We introduce a novel and robust method for the preparation of nanocomposite multilayers, which allows the excellent photoluminescent (PL) properties as well as the accurate control over the composition and dimensions of multilayers. By exchanging the oleic acid stabilizers of CdSe@ZnS quantum dots (QDs) synthesized in organic solvent with 2-bromo-2-methylpropionic acid (BMPA) in the same solvent, these nanoparticles were be alternately deposited by nucleophilic substitution reaction with highly branched poly(amidoamine) dendrimer (PAMA) through layer-by-layer (LbL) assembly process. Our approach does not need to be transformed into the water-dispersible nanoparticles with electrostatic or hydrogen-bonding groups, which can deteriorate their inherent properties, for the built-up of multilayers.
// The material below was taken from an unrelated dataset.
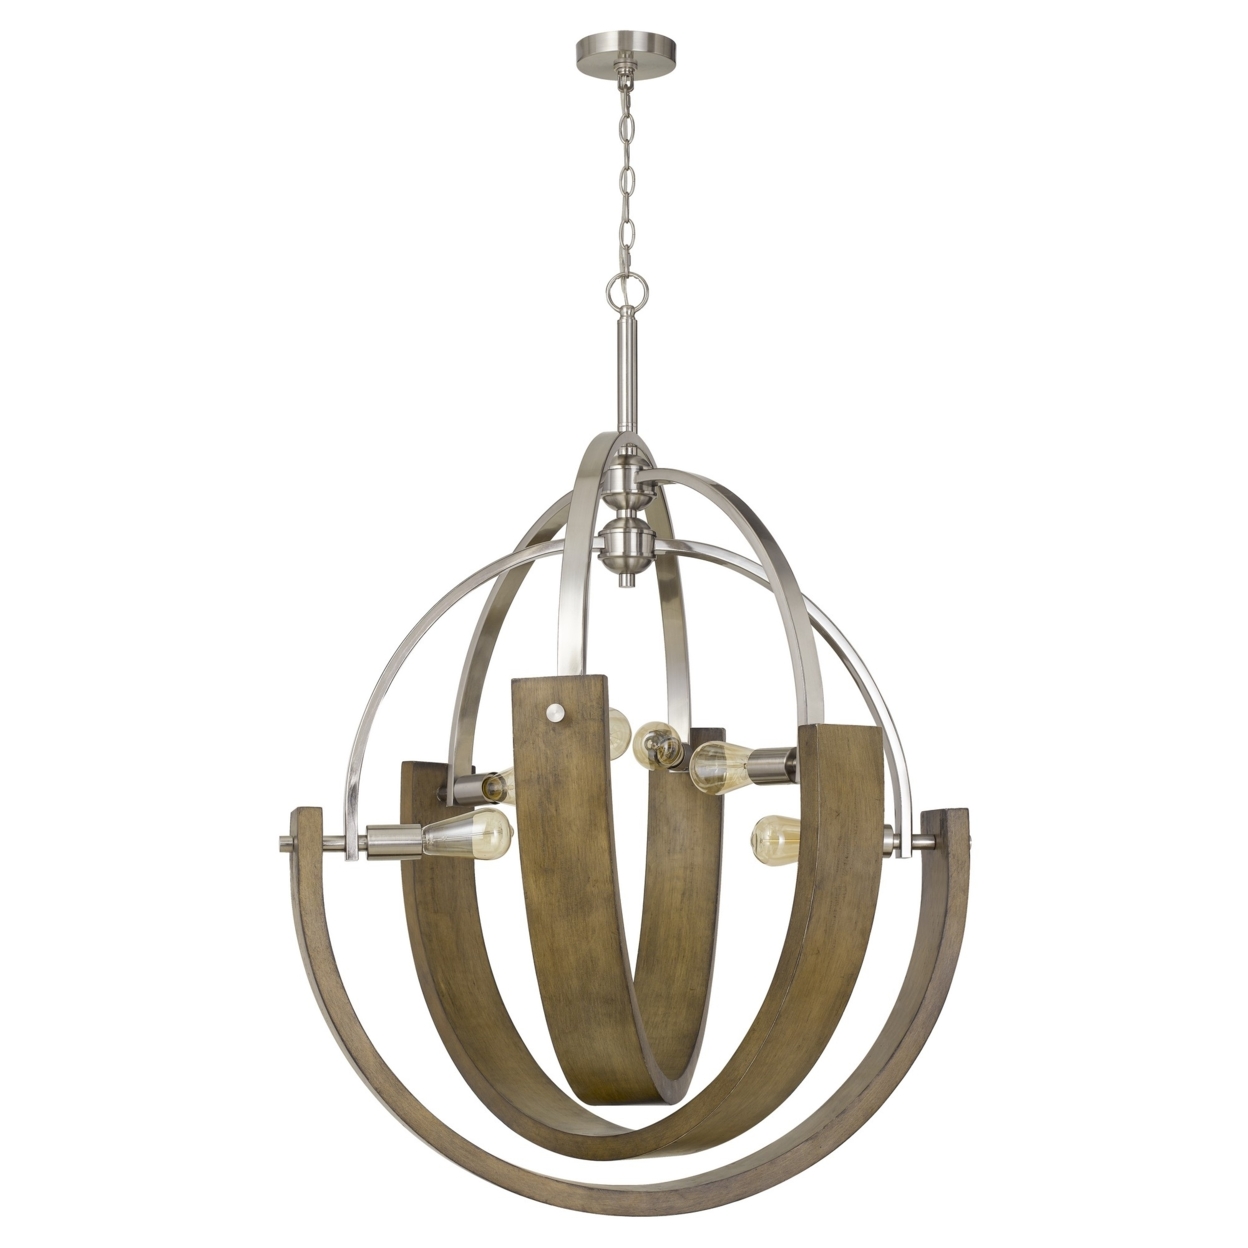 6 Bulb Metal And Wooden Chandelier, Silver And Brown- Saltoro Sherpi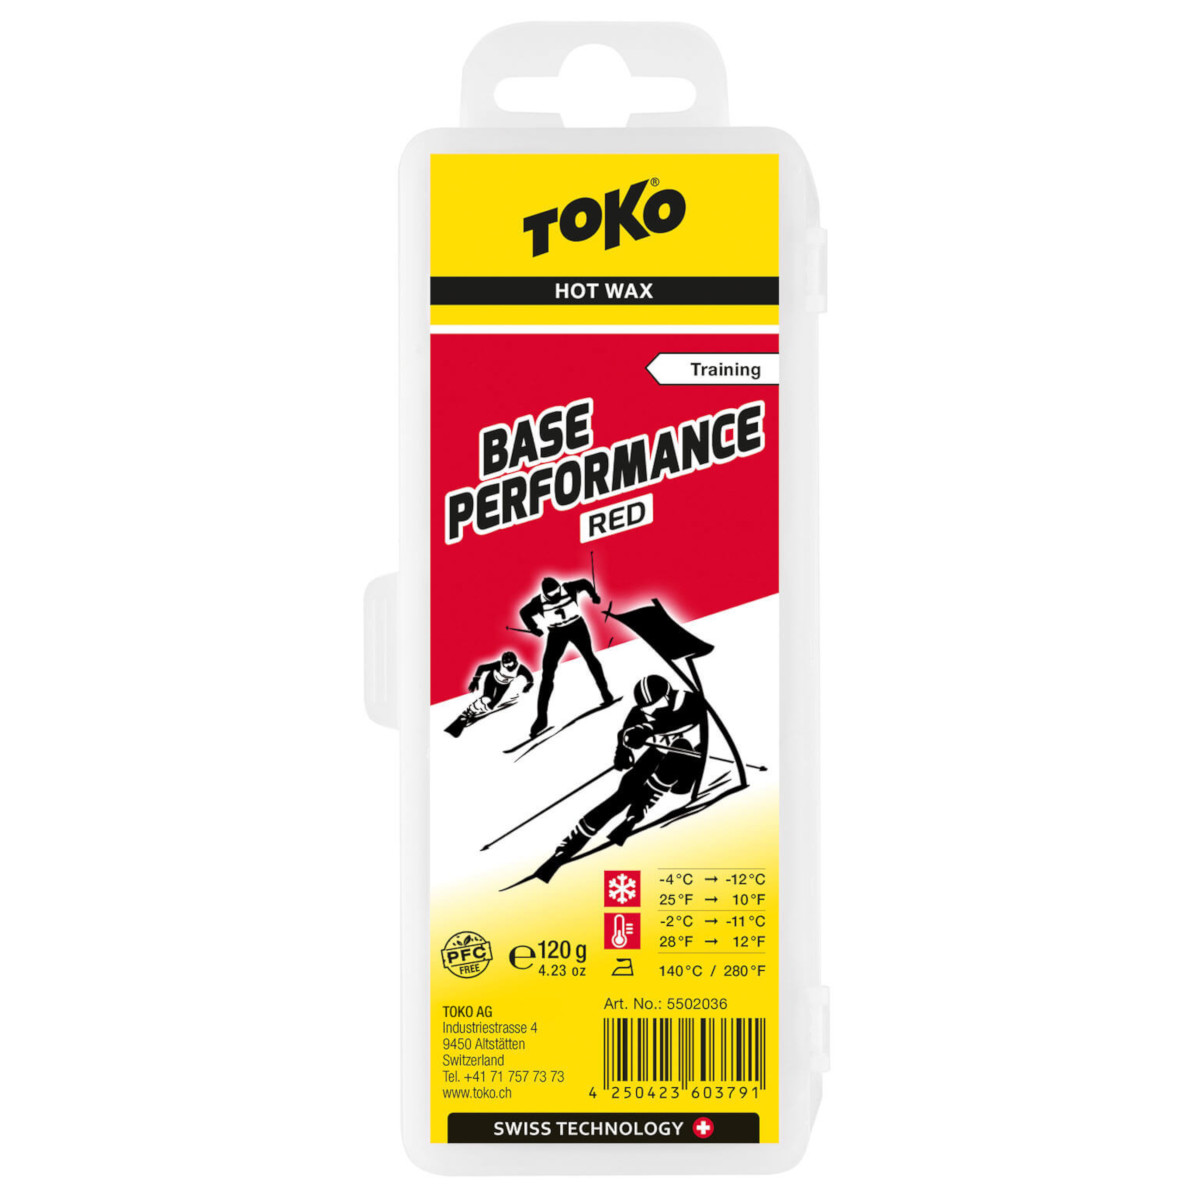 Base Performance Hot Wax red

The nanocomposite multilayers including QDs exhibited the strong PL properties achieving densely packed surface coverage as well as long-term PL stability under atmospheric conditions in comparison with those of conventional LbL multilayers based on electrostatic interaction. Furthermore, we demonstrate that the flexible multilayer films with optical properties can be easily prepared using nucleophilic substitution reaction between bromo and amino groups in organic media. This robust and tailored method opens a new route for the design of functional film devices based on nanocomposite multilayers.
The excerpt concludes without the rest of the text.